E-commerce boom continues
Stefan Nusser, Fetch Robotics' chief product officer, said the rise in e-commerce orders during the early days of the pandemic has helped accelerate AMR demand.
“When the pandemic started, there was this spike in e-commerce activity,” Nusser said. “People were locked up at home. They were doing e-commerce orders. Everyone who was involved in running a warehouse had a sudden spike of activity. And that hasn’t changed to this day—even though the world has reopened. My impression is that people who used to shop in stores that got locked in got used to ordering online.”
With volumes going up, so does the need for efficient operations. Combined with tight local labor markets, companies say they need fast solutions yesterday.
“Most customers I talk to today are scrambling,” Nusser said. “I'm not talking to people who are sitting there with a spreadsheet and spending weeks and months building an investment case about what they are going to do next year or the year after.”
“I'm talking to customers who are very visibly worried, saying, 'Look, I'm working at my limits. My team is working at its limits. It's April, and I know in October, my volume is going to start spiking again. I need something between April and October that's going to help me.' That's a very diffficult conversation,” he added.
AMRs offer a solution because they are flexible, can adapt to exisiting workflows and facilities, and can be deployed quickly, he said.
On average, a self-contained deployment of the company's AMRs only takes about three days, he said.
Nusser said warehouses often measure success by the efficiency of their human pickers.

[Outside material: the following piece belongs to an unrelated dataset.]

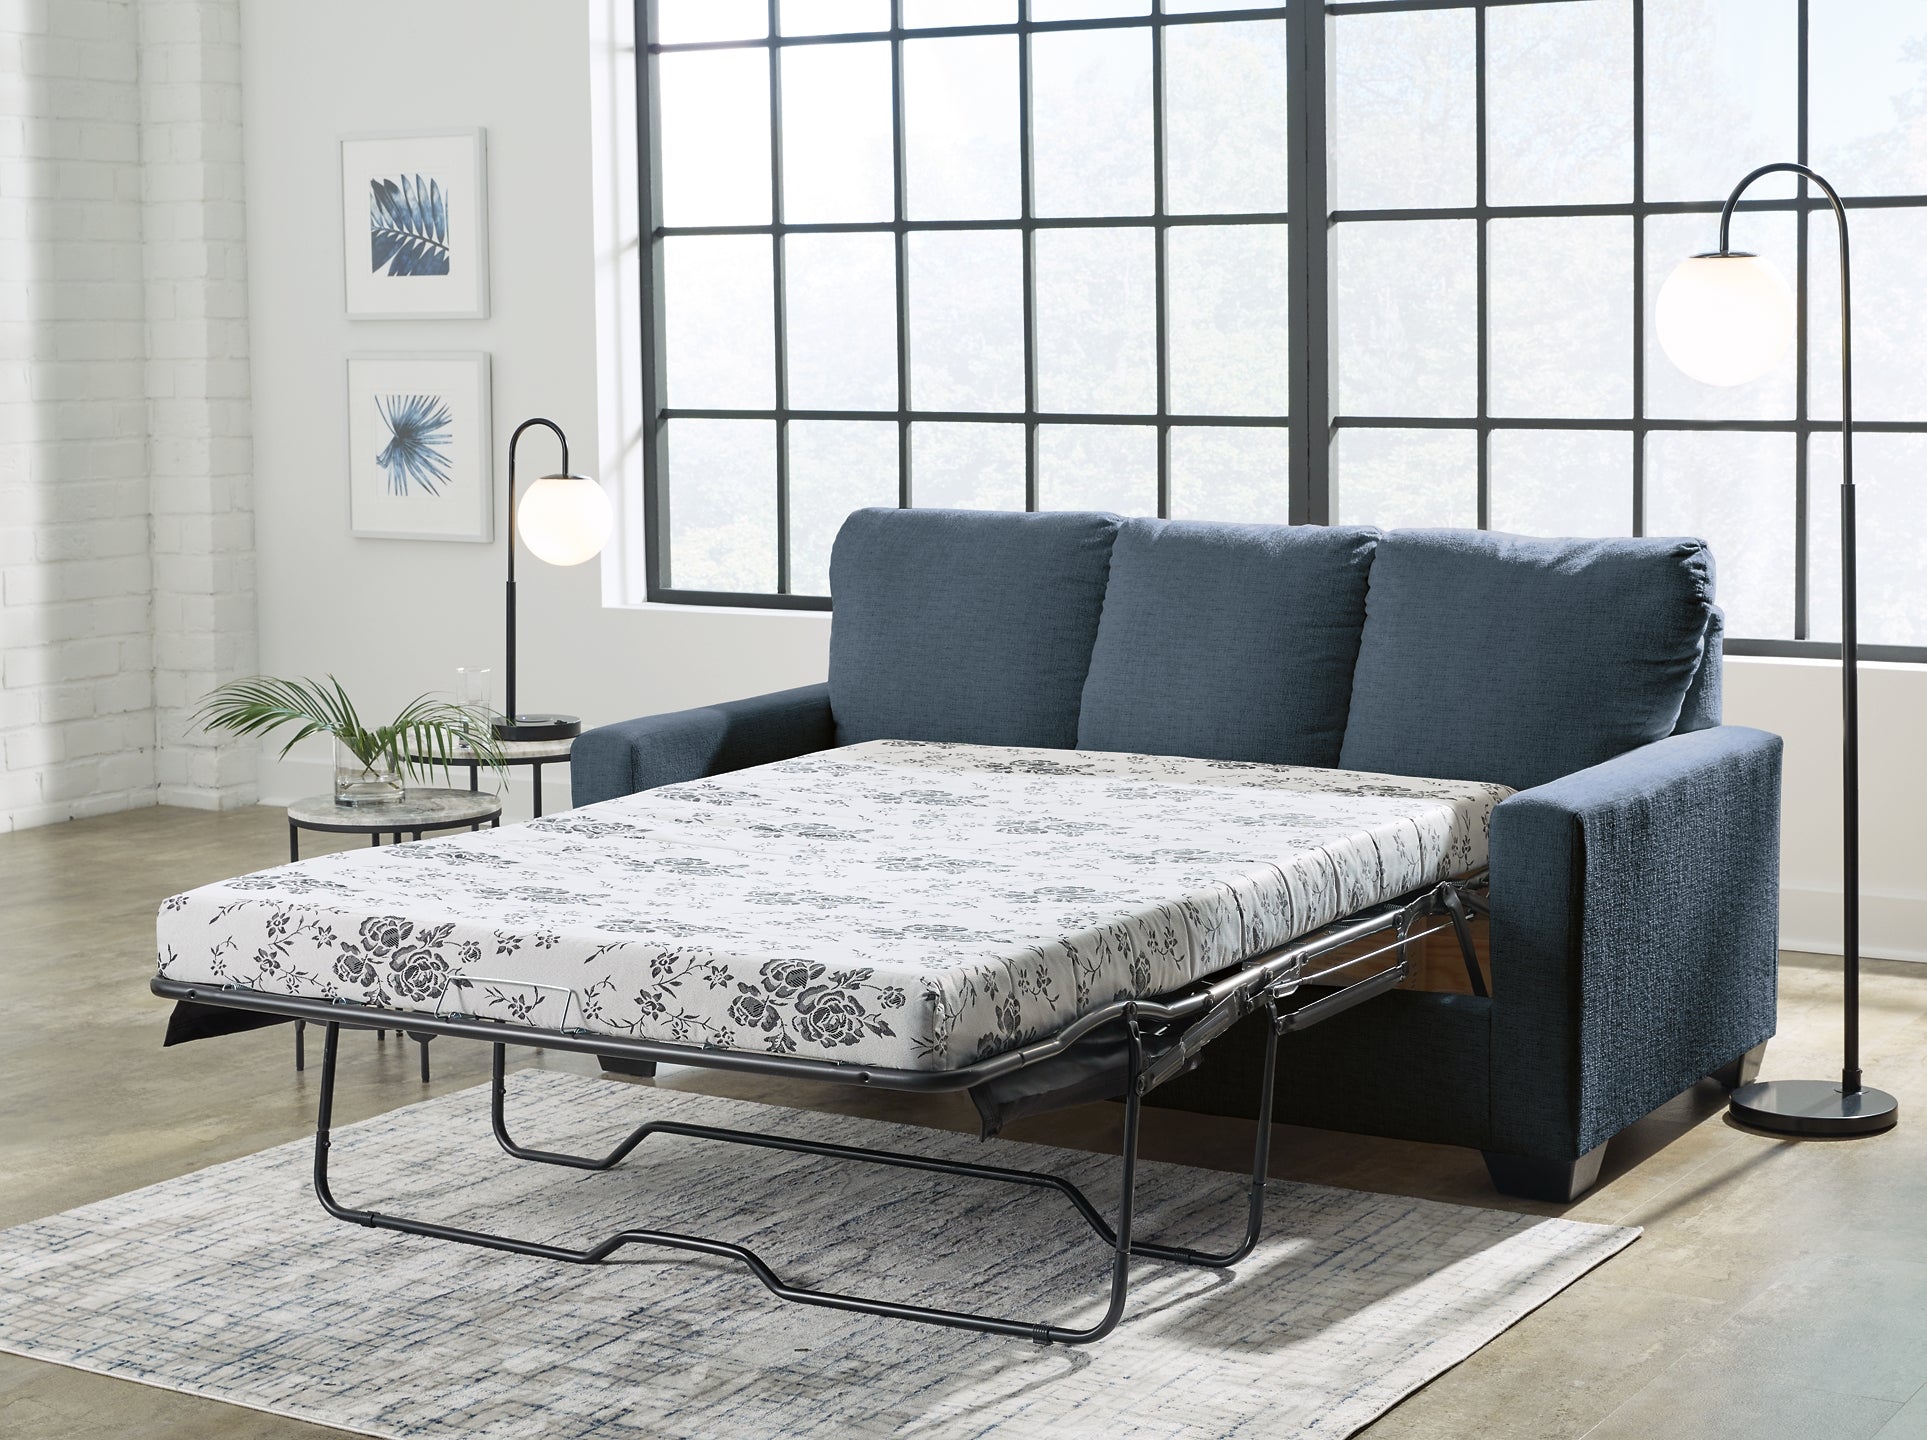 Rannis Full Sofa Sleeper JB's Furniture  Home Furniture, Home Decor, Furniture Store

“This is measured by units per hour or lines per hour,” he said. “The actual values are hard to compare because it depends on your order profile, the layout of your warehouse, but that is the metric our customers care about the most – how many orders or how many units can I pick in an hour, or a given timeframe.”
AMRs are being designed to work within companies’ warehouse management systems, he said. Within those systems, the robots are assigned specific tasks alongside humans.
“The collaboration between the robot and the worker is changing,” he said. “It is almost like the robot is guiding the worker about what work needs to be done.”
Expanding interoperability
Jan Nicolay, global account director of logistics at Mobile Industrial Robots (MiR), said the company has been able to take advantage of 5G technology to expand the coverage area of its AMRs. No longer will customers need to rely solely on Wi-Fi to get their robot to operate properly.
“All the sites we are going into do, of course, have Wi-Fi, but often when we do a site audit, we do identify some areas where the coverage is slow or the signal is weak. Therefore, 5G is really an enabler to have higher throughput, better connection. It has huge potential later on to do cloud-based solutions.”
To help expand interoperability between AMR vendors, the company, along with Vecna Robotics, 6 River Systems, Waypoint Robotics, Locus Robotics, Seegrid, MiR, AutoGuide Mobile Robots, Third Wave Automation, A3, and Open Robotics, is part of MassRobotics' AMR Interoperability Working Group.
“Going two or three years back, an installation of two or three AMRs was really the standard,” Nicolay said. “You saw a lot of customers started with small fleets just to test the technology.
“But these days, you have installations of multiple robots—20, 30, and beyond— and not only from one vendor, but from multiple vendors for different applications, different use cases,” he added. “There really is a demand for a single internal logistics system.”
The company has an ROI Calculator on its website to help customers determine how its mobile robots may help companies save money, increase productivity, and save resources.